Find threshold in pyspark dataframe data-CodePudding

I'm totally new to dataframes and pyspark in general.

In python what I want to do is trivial - however I can't seem to find a method which doesn't take ages using pyspark.

I have a pyspark dataframe with approx 4000 rows with a schema as follows:

root
 |-- waveformData: struct (nullable = true)
 |    |-- elements: array (nullable = true)
 |    |    |-- element: double (containsNull = true)
 |    |-- dimensions: array (nullable = true)
 |    |    |-- element: integer (containsNull = true)

Each array is approx 20000 doubles.

Searching this array to find a max value and threshold (first instance of 50% of max value) takes very little time - but only once the data is in a 'normal' format (numpy array).

I am using a basic:

wav_df = temp_data.select("waveformData").toPandas()
wav = wav_df.to_numpy()[0][0].get("elements")

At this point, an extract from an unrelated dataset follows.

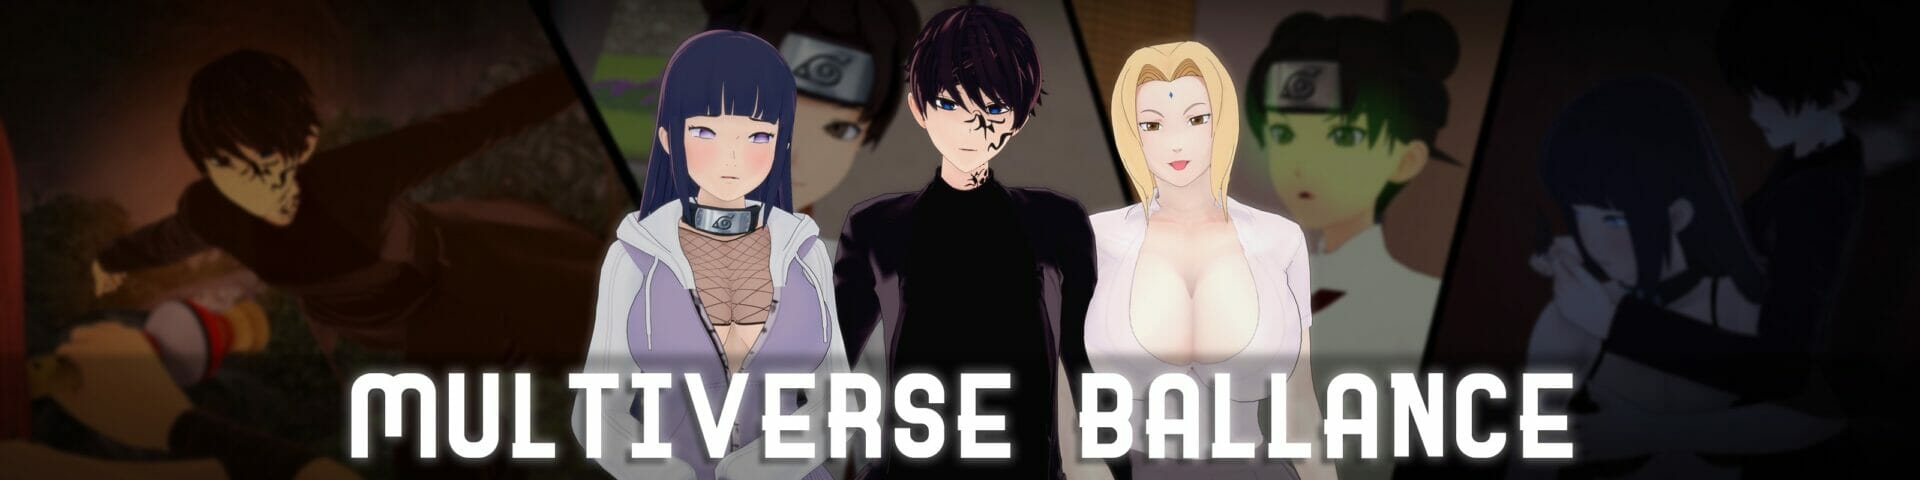 Multiverse Ballance Adult Hentai Game Android Apk Download (1)

and then searching for max / threshold

But the 'toPandas' step takes forever (like 30 seconds for a single row)

Why?

I've been trying to operate on the pyspark dataframe to avoid this conversion using .collect and the like, but everything I try takes ages.

If pyspark is meant for big data, I must be doing it wrong, there's no way this is the normal processing time for this amount of data.

What am I missing?

CodePudding user response：

I created some random test data

from pyspark.sql import SparkSession
from pyspark.sql import Row
from pyspark.sql import functions as F

import numpy as np
np.random.seed(123)

spark = SparkSession.builder.getOrCreate()


n = 20000
for i in range(100):
    df = spark.createDataFrame([
        Row(waveFormData=Row(elements=[float(v) for v in np.random.randn(n)], dimensions=[n])) for i in range(40)
    ])
    df.write.parquet('waveFormData.parquet', mode='append')

When I load the data and select the max of the arrays that ran through within 2 seconds:

df = spark.read.parquet('waveFormData.parquet')

df.select(F.array_max('waveFormData.elements')).toPandas()